Effect of gonadotropin-releasing hormone agonist treatment in Vietnamese children with central precocious puberty

Abstract

Gonadotropin-releasing hormone agonists (GnRHa) are generally indicated in central precocious puberty (CPP) patients. We aimed to analyze the auxological outcomes of GnRHa treatment on CPP children. A cross-sectional study with observational data were collected from 143 CPP patients who finished GnRHa therapy in Children Hospital 2, Vietnam. Anthropometry and sexual maturity rating were assessed after 6 months and each year of the therapy.
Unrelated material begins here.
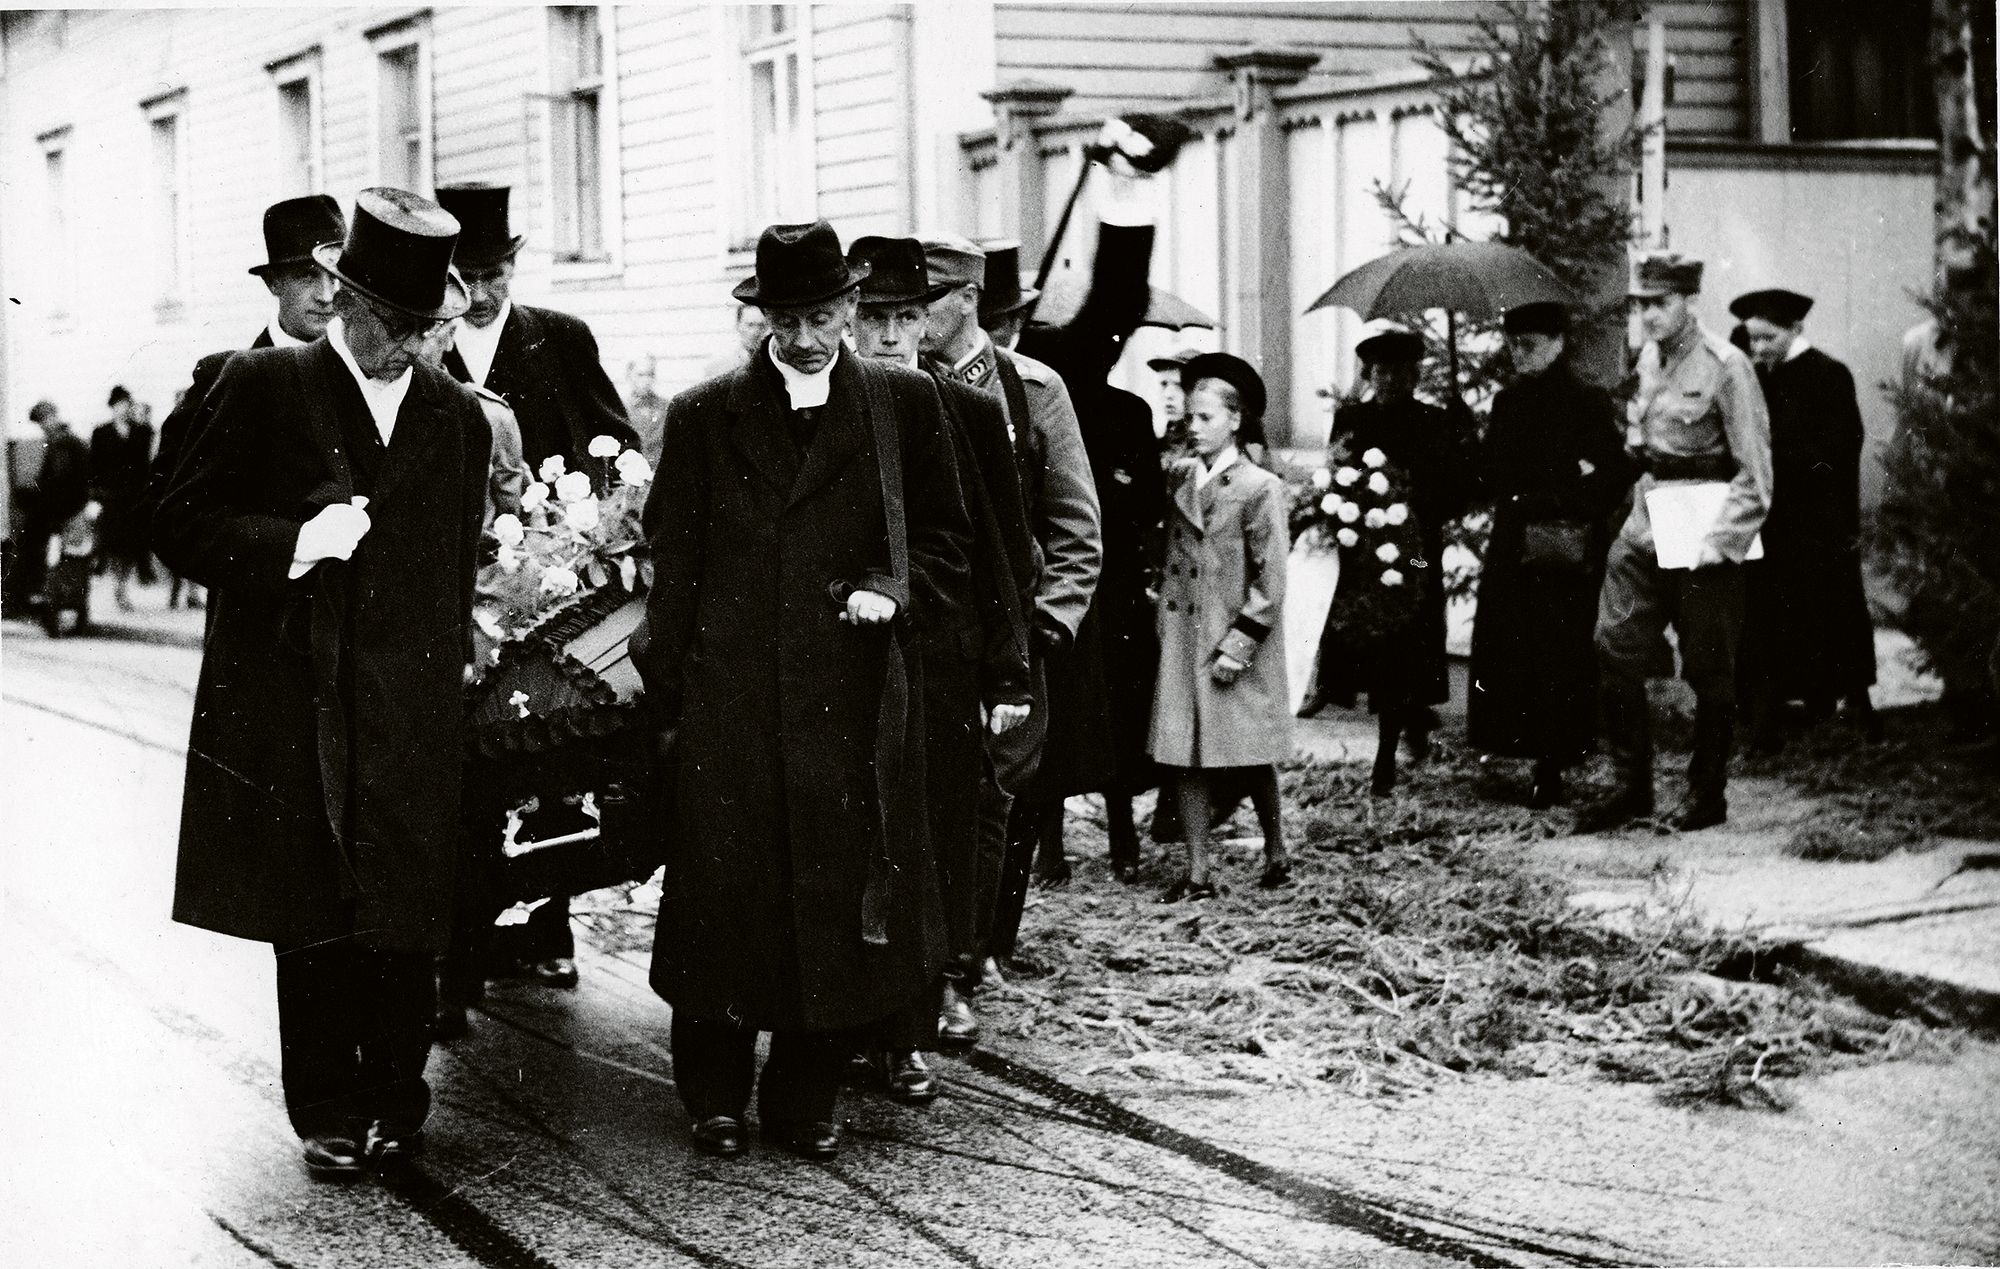 Piispa Yrjö Wallinmaan hautajaissaatto lähdössä Oulun pappilasta heinäkuussa 1943. © Anna Forsberg/Pohjois-Pohjanmaan museo

The Bayley-Pinneau method was used to estimate the predicted adult height (PAH). The mean calendar age and bone age at the start of the treatment were 8.0 ± 0.7 years and 10.5 ± 0.1 years, respectively. The mean treatment period was 2.4 ± 0.6 years. GnRHa led to the regression of pubertal symptoms after treatment. The pre-treatment PAH was 157.8 ± 0.6 cm (girls) and 172.3 ± 2.4 cm (boys). The PAH at treatment discontinuation (162.0 ± 0.5 cm in girls and 176.7 ± 2.3 cm in boys) was higher than the initial PAH (p<0.05). For girls with treatment before 6 years old, GnRHa results in a predicted average gain in adult height of 10.2 ± 3.2 cm, whereas the predicted height advancement in the 6-8 age group was 5.3 ± 0.7 cm. The predicted average height gain of girls aged over 8 years was 3.2 ± 0.6 cm. GnRHa therapy was effective for CPP treatment with the improvement of predicted final height. Predicted height advancement was still documented in females who started the treatment after 8 years old.